Шрифт:
Интервал:
Закладка:
Преступник – в известном смысле всегда маленький деспот, на собственном уровне деспотически навязывающий свой интерес. Так, уже в 1760-е годы (то есть за тридцать лет до Великой французской революции) вполне отчетливо проступает тема, которая окажется столь важной во время революции, – тема родства, сущностного родства между преступником и тираном, между правонарушителем и деспотическим монархом. Между двумя сторонами расторгаемого описанным образом договора есть своеобразная симметрия: преступник и деспот оказываются родственниками, идут, так сказать, рука об руку, как два индивида, которые, отвергая, не признавая или разрывая фундаментальный договор, превращают свой интерес в своевольный закон, навязываемый ими другим. В 1790 г., как раз в ходе дискуссий вокруг нового Уголовного кодекса, Дюпор (который, как вы знаете, представлял тогда отнюдь не крайнюю позицию) говорит так: «Деспот и злоумышленник одинаковым образом подрывают общественный порядок. Произвол и убийство суть для нас равноценные преступления».

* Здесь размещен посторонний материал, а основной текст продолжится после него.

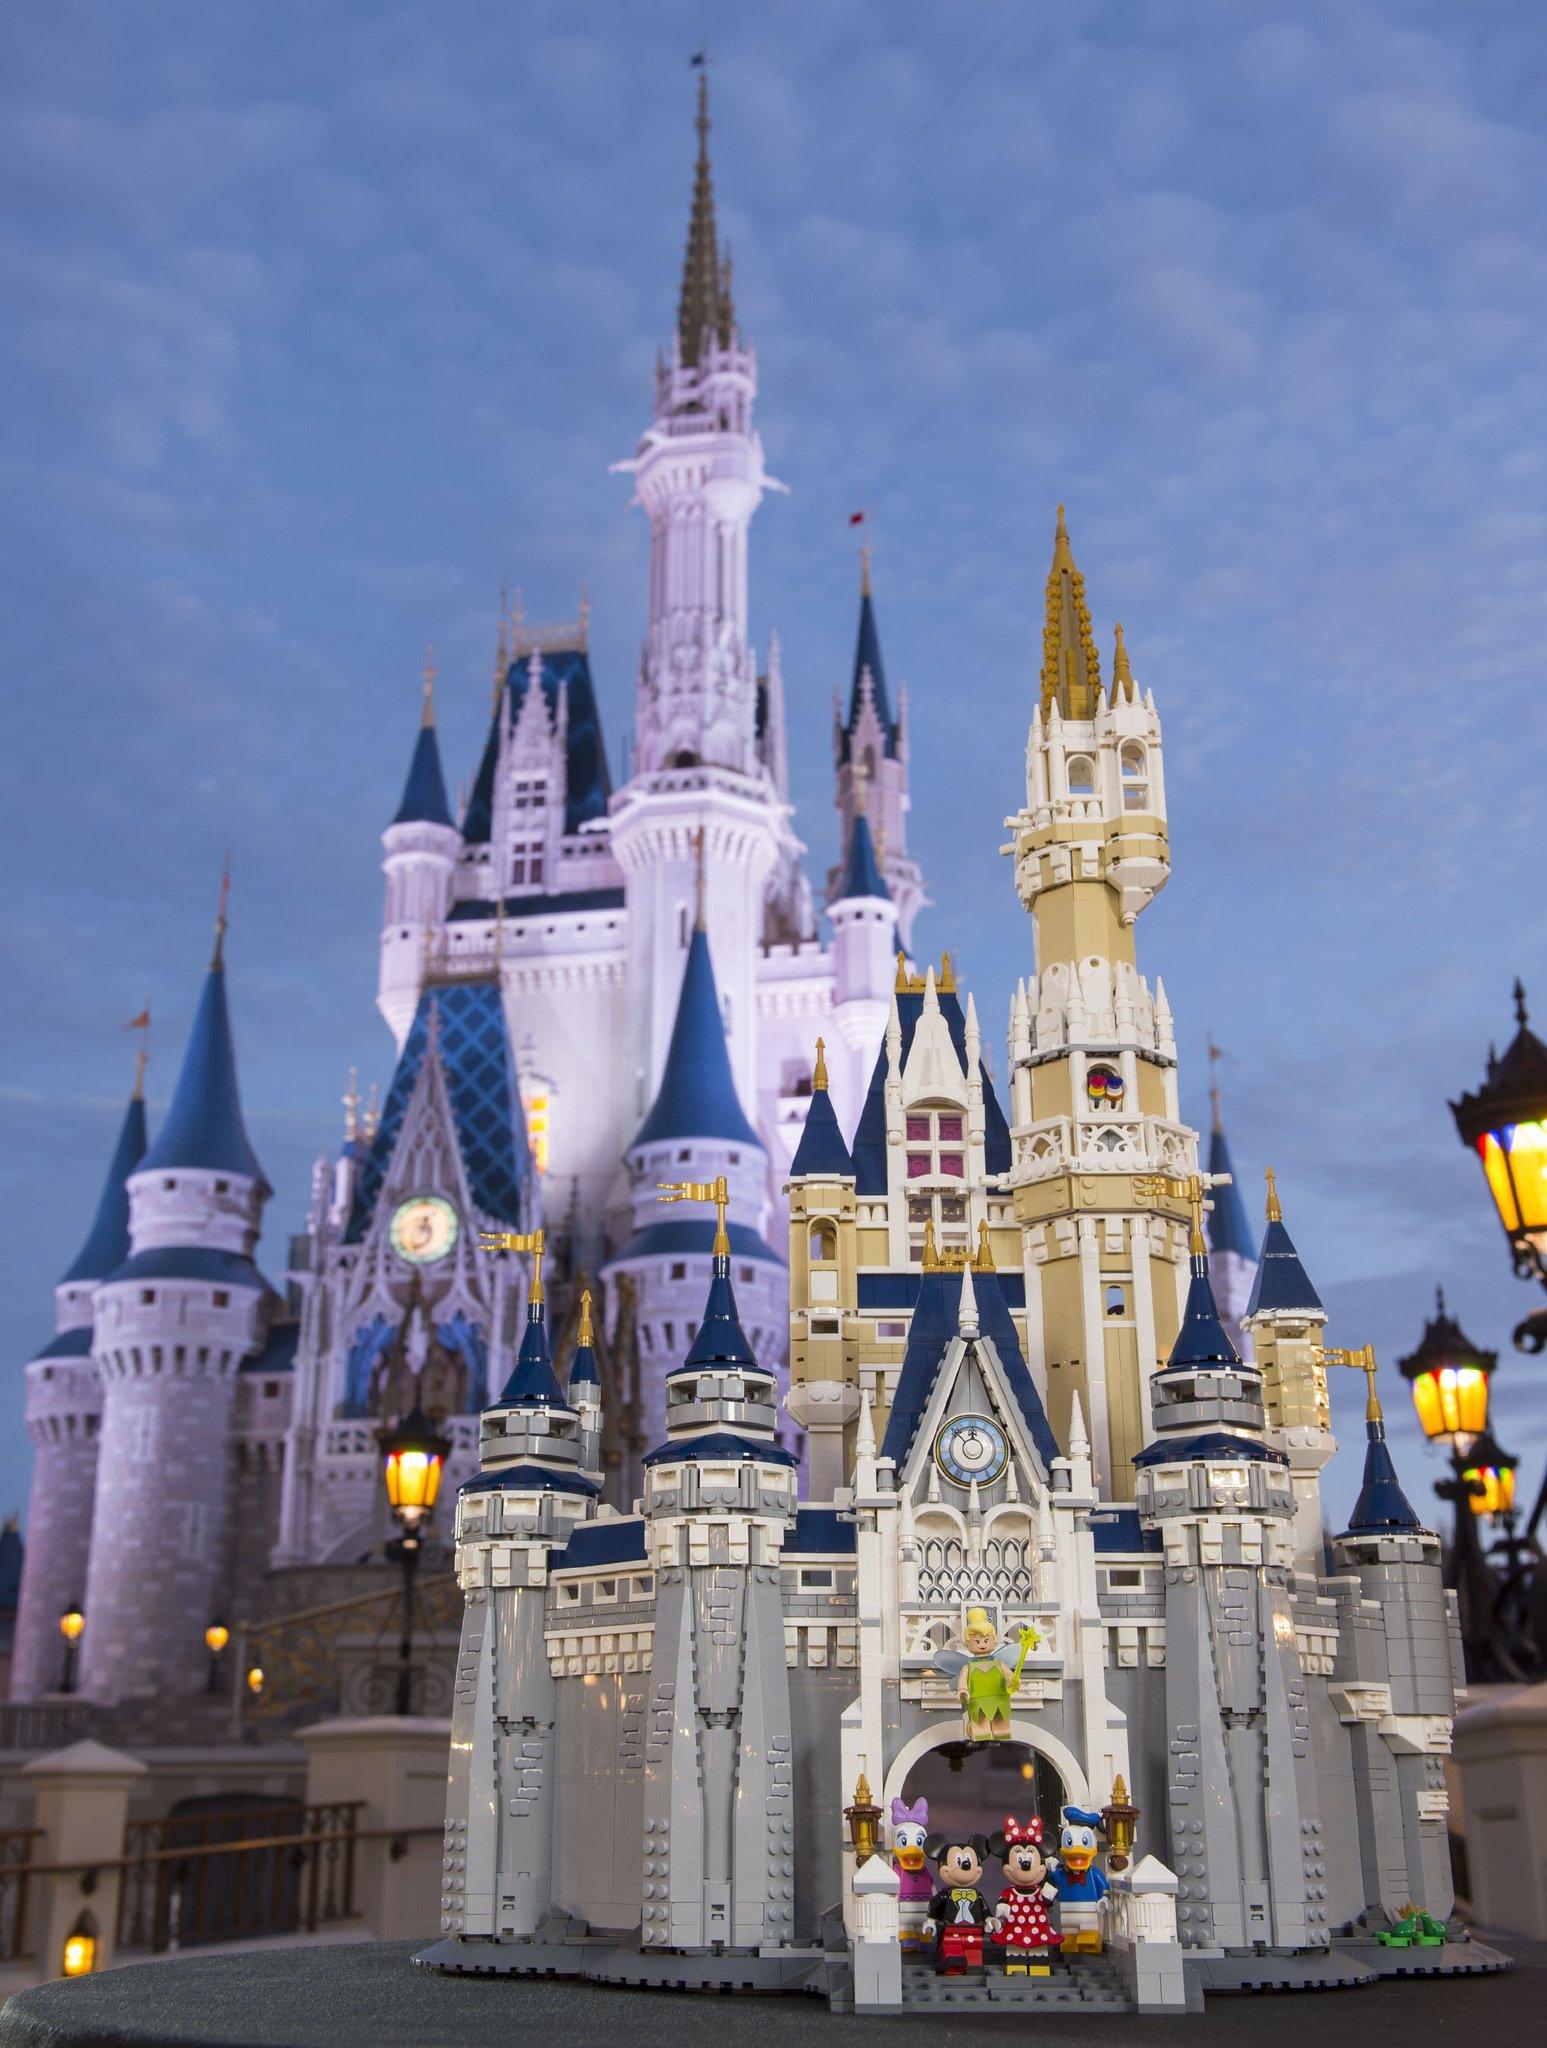 Lego Disney Castle Coming This Septemberwdw Radio

Эту тему родства между властителем, возвышающимся над законами, и преступником, пребывающим под этими законами, эту тему двух людей вне закона, какими являются властитель и преступник, мы сначала обнаруживаем до Великой французской революции, в более мягкой и расхожей форме, согласно которой своеволие тирана является примером для возможных преступников или, в своем фундаментальном беззаконии, разрешением на преступление. Действительно, кто может запретить себе нарушать законы, если правитель, который должен вершить, предписывать и применять эти законы, дает себе право обходить, прекращать или, как минимум, не применять их к себе самому? Следовательно, чем более деспотична власть, тем более многочисленны преступники. Сильная власть тирана не искореняет злодеев, наоборот, она умножает их число. И с 1760 до 1780-1790-х гг. эта тема встречается нам постоянно, у всех теоретиков уголовного права. Но, начиная с революционного времени, а особенно с 1792 г., мы обнаруживаем эту тему родства, возможного сближения между преступником и властителем, в гораздо более красноречивой и разительной, в гораздо более конкретной форме, если хотите. Причем, строго говоря, на сей раз перед нами уже не столько сближение преступника и властителя, сколько своеобразный обмен ролями, обусловленный новой дифференциацией между ними.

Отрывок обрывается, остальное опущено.